Publishing in early career
If the research is good enough, it will get published. The challenge is to do good-enough research as a sixth-form student. Actually, that's a challenge for any of us, at whatever stage we're at. The best example I know of, of young researchers getting published, is a paper in Biology Letters from a class of 8-10 year olds. The paper, Blackawton Bees, is a good bit of research and an entertaining read.
Principal finding ‘We discovered that bumble-bees can use a combination of colour and spatial relationships in deciding which colour of flower to forage from. We also discovered that science is cool and fun because you get to do stuff that no one has ever done before.
Actually, never mind the rest of this answer for now. If you're reading this, whoever you are, and you haven't read the paper before, just go read it now - it's free to view for all. You'll thank me (so remember to come back here afterwards ;-).
Journals for students
As far as journals specifically for students: well, they all are, really. Pretty much all of us who are reading them, are reading them for study. God knows, they're almost always so dryly written that no one would read them for pleasure.
There are exceptions.

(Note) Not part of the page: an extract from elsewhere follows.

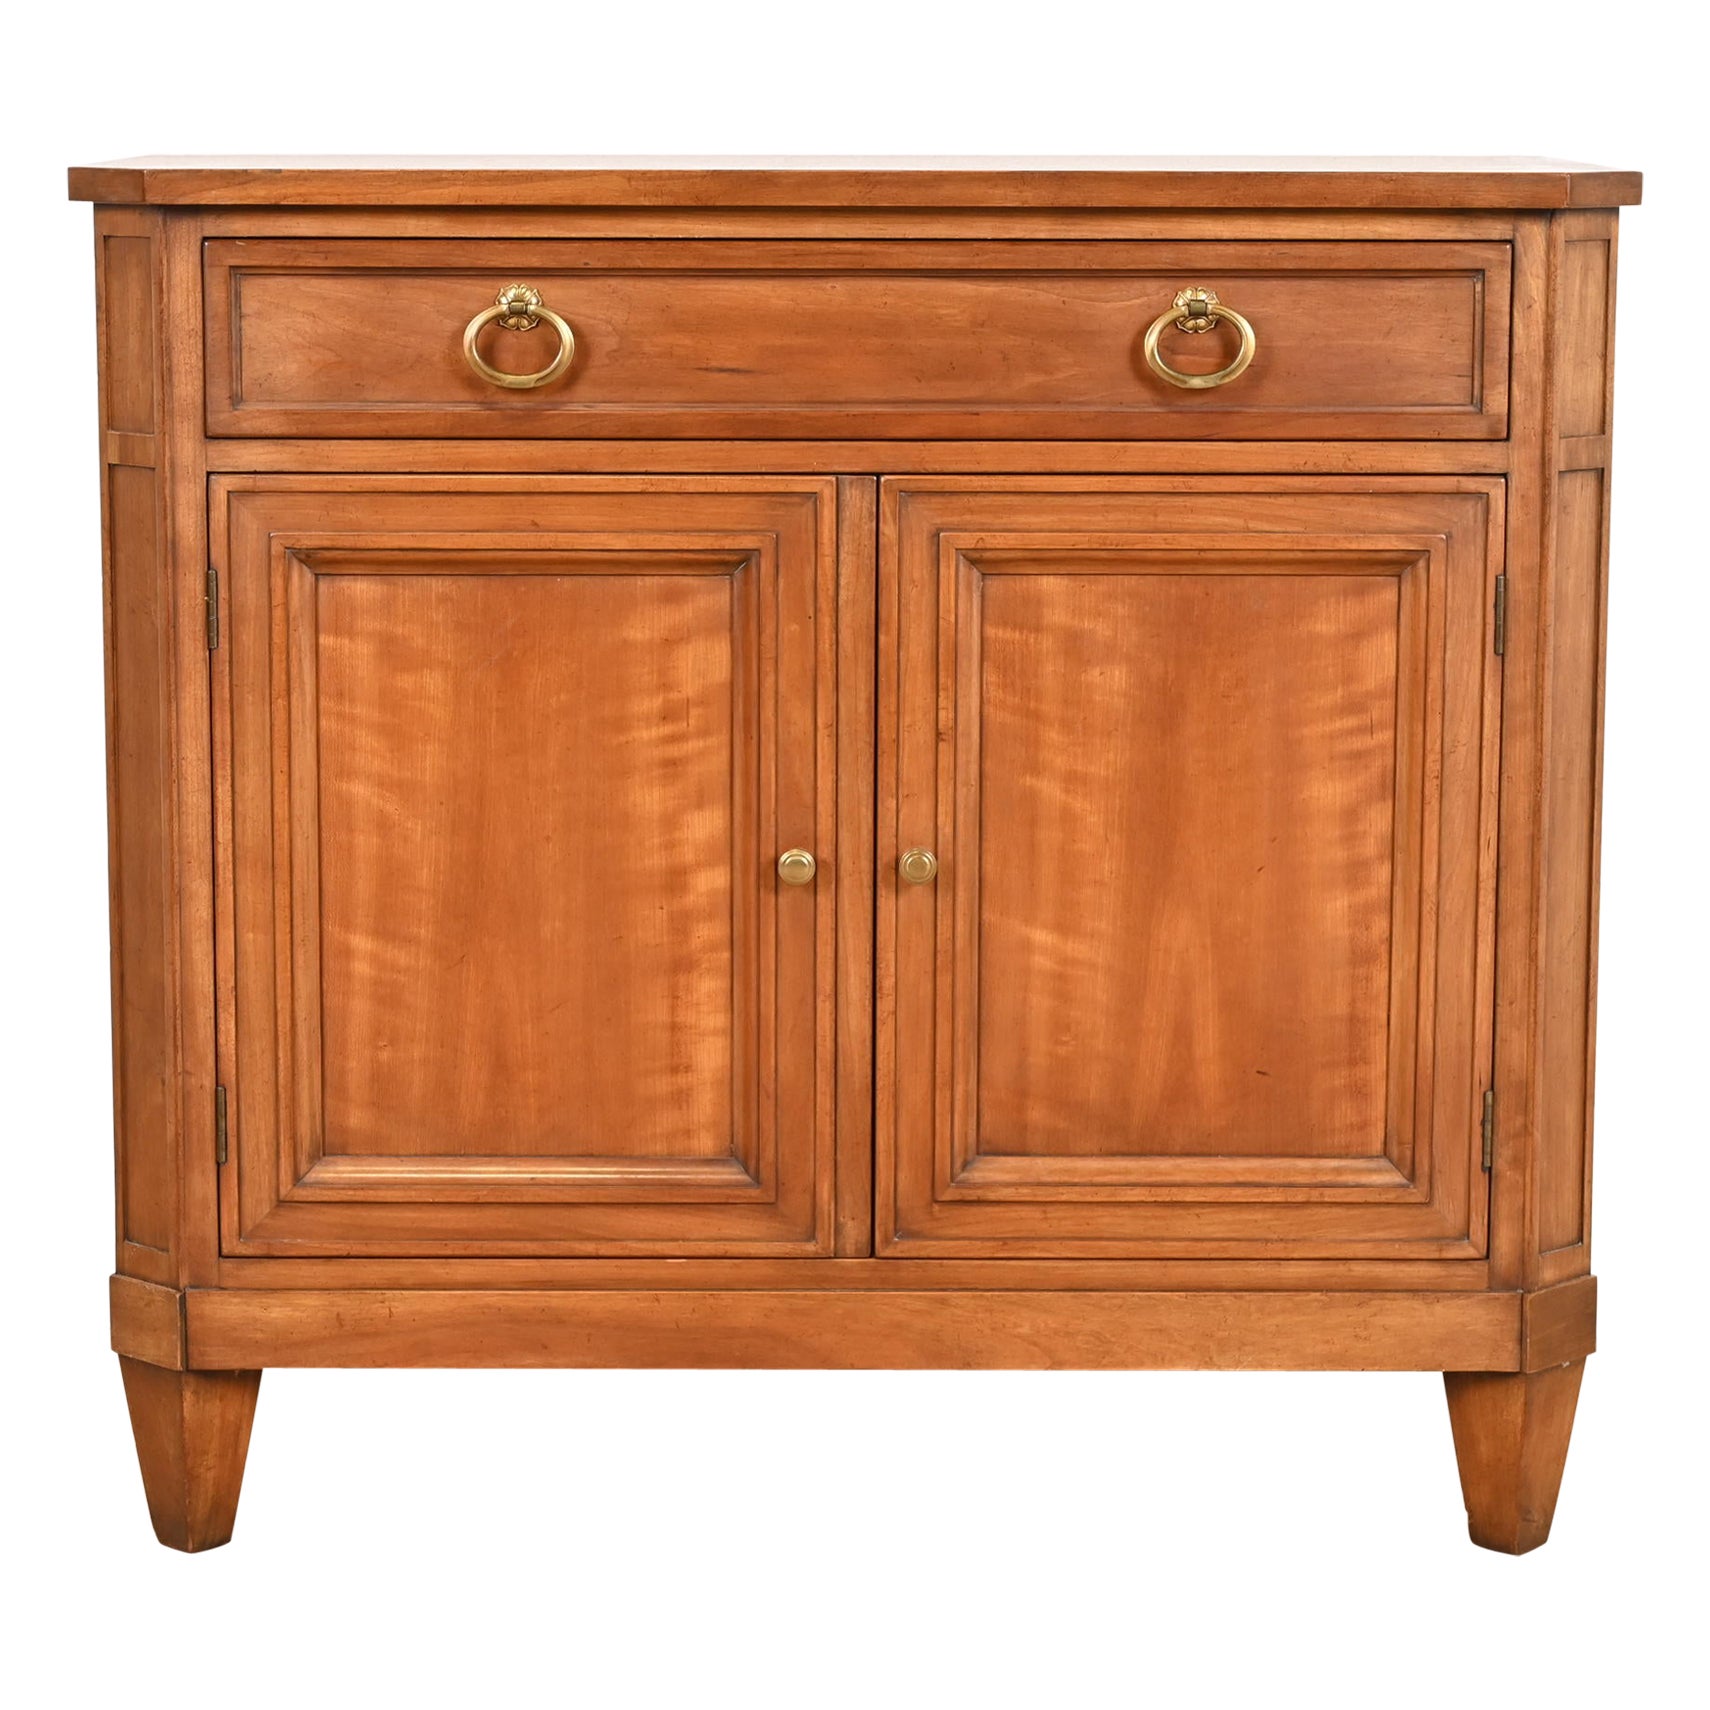 Kindel Furniture French Regency Louis XVI Cherry Wood Server or Bar Cabinet
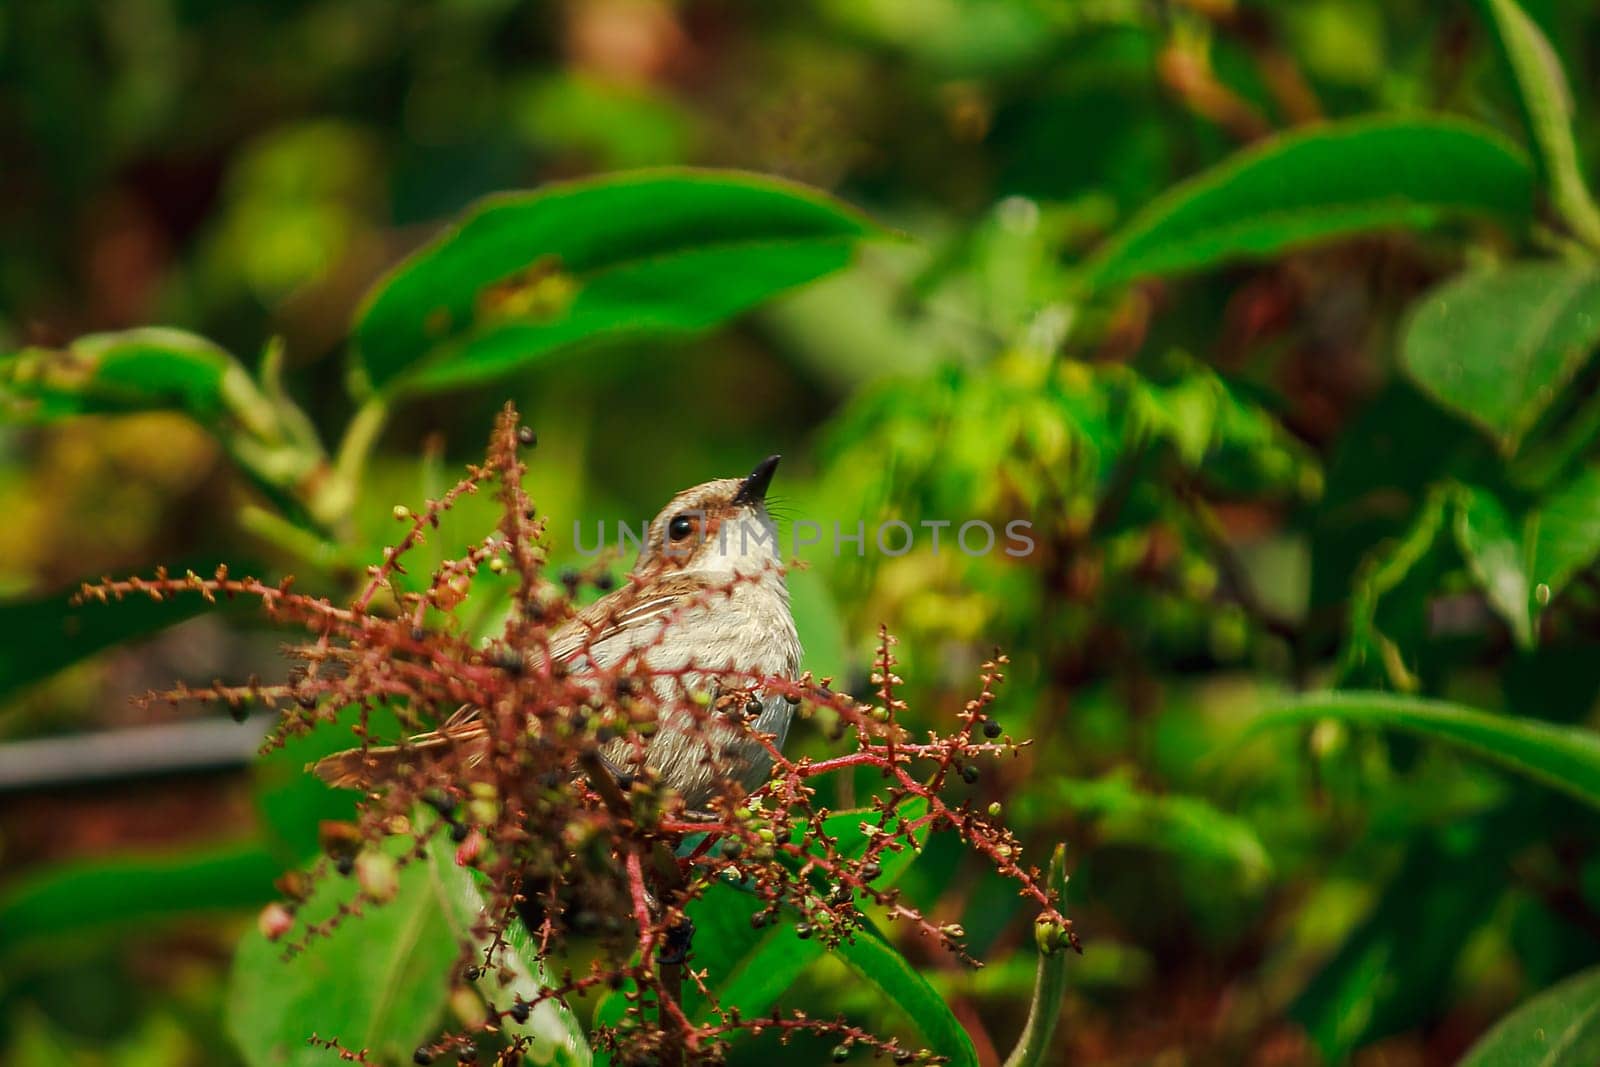 fulvetta (bird) on trees in Doi Inthanon National Park Thailand by Puripatt

For easier reading, there's New Scientist and Scientific American; though the science sometimes suffers in the cause of circulation-friendly journalism, particularly for New Scientist.
More digestible science
And there are quite a lot of science blogs on the web, which make for more digestible reading of recent research. Unfortunately, there's also a much higher number of pseudo-science blogs on the web, that, unless you know a lot about the subject, are hard to distinguish from real science, but contain pure unadulterated nonsense. For example, Real Climate is respectable science by respected scientists; Watts Up With That is unadulterated pseudo-science nonsense; but to the unwary, they are both climate science blogs. So, for finding new science blogs, reader beware. Even well-established science blogs sometimes go off the rails, when they stray outside their area of immediate expertise.